The ancient Chinese curse – “May you live in interesting times” – certainly springs to mind these days. What does the election of Donald Trump mean for the healthcare industry, the Affordable Care Act and current healthcare market trends? Let’s take a quick look at the likely effects of the election, but first let’s set the stage:

Background Data:

  • Per a July 2016 federal Department of Health and Human Services study, it is estimated that 18% of 2016 personal income in aggregate will be spent on healthcare, with 5% of the population accounting for nearly half of the estimated $3.3 trillion 2016 healthcare spending and 50% of the population spending less than $3,000 each.
  • The healthcare cost reduction effect of the Great Recession has dissipated, with an anticipated healthcare cost increase of over 5% per year projected through 2025. The economic drag on the US economy of healthcare spending has returned to almost pre-recession levels, and accountable care organization (ACO) savings to date have been relatively nominal.
  • Once aged in, Medicare will have over 70 million Baby Boomer generation seniors to care for…and with rising life expectancy comes greater lifetime healthcare costs.
  • The United States will have a shortfall of doctors before 2025, with a significant primary care shortfall expected, a significant shortage of doctors available who accept Medicaid and the U.S. ranked as the 24th of 28 countries by the number of doctors per thousand people among the Organization for Economic Development countries.
  • 20 million people were afforded insurance under Affordable Care Act programs, including over 9 – 11 million (varies depending on source studies) in 2016 through the insurance exchanges and the remainder thru Medicaid expansion in 32 states (as of September 2016).
  • Approximately 73 million Americans were covered by Medicaid or CHIP. Federal subsidies for Medicaid expansion are to trend downwards to 90% by 2020. A growing number of states are moving toward managed Medicaid programs in an effort to contain costs that, in some instances, previously threatened to bankrupt state budgets in the absence of further tax increases.

Will anything happen quickly with healthcare anti-reform efforts in the first year of the Trump administration?
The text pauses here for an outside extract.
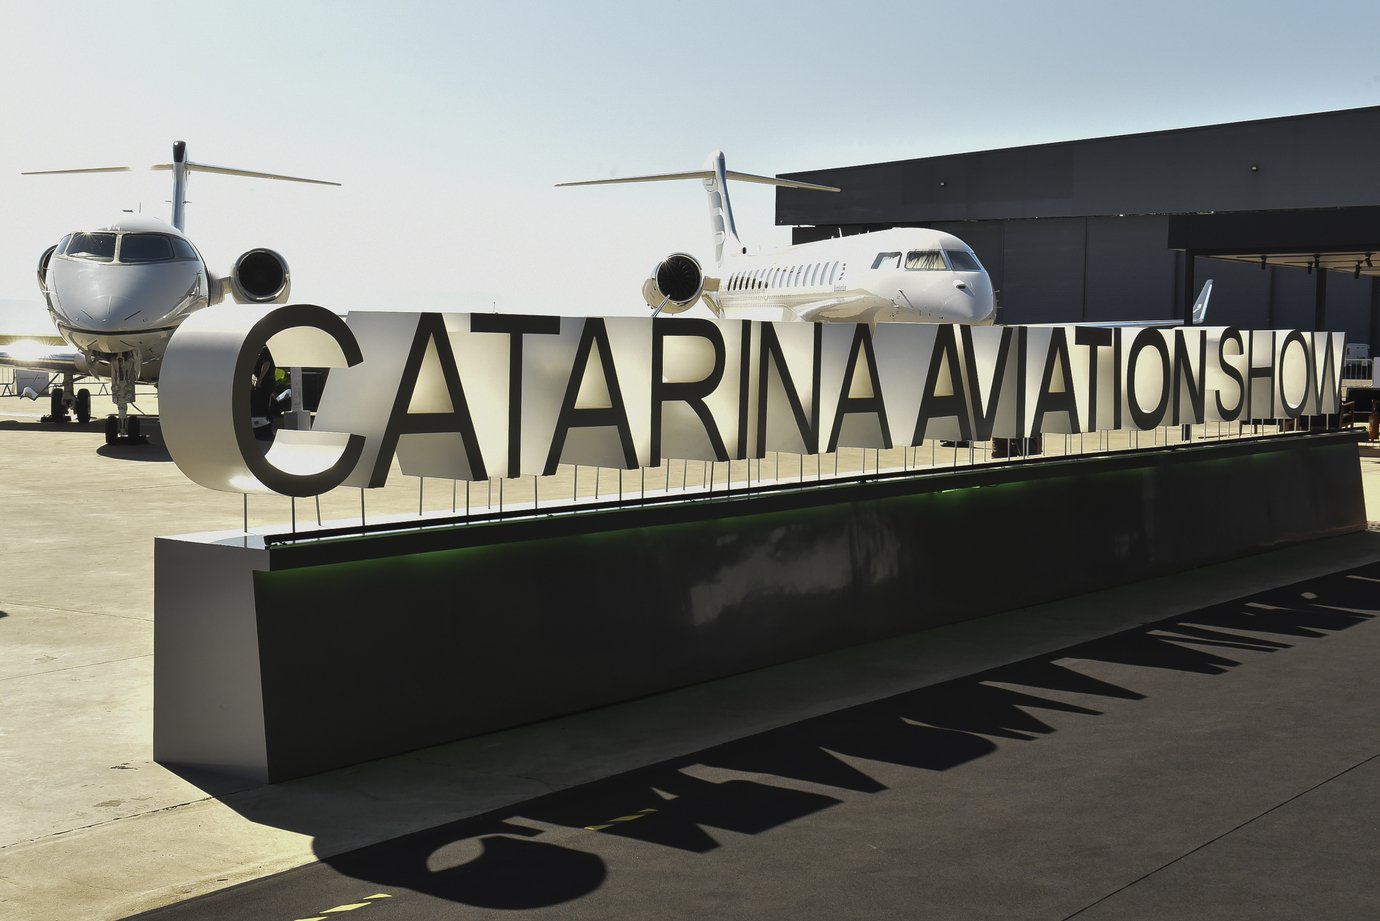 Catarina Aviation Show vira queridinho de marcas da aviação

My guess is no. This is a highly charged area that can pit the federal government against the states and can engage all of the healthcare industry’s and U.S. population’s interests (and special interests). This frankly will be a food fight of gigantic size if the Trump administration chooses to fully re-open either or both of the tax code or the Affordable Care Act. Incremental change, however, certainly can be effected more expeditiously. More on this below, as we look at interesting trends and issues.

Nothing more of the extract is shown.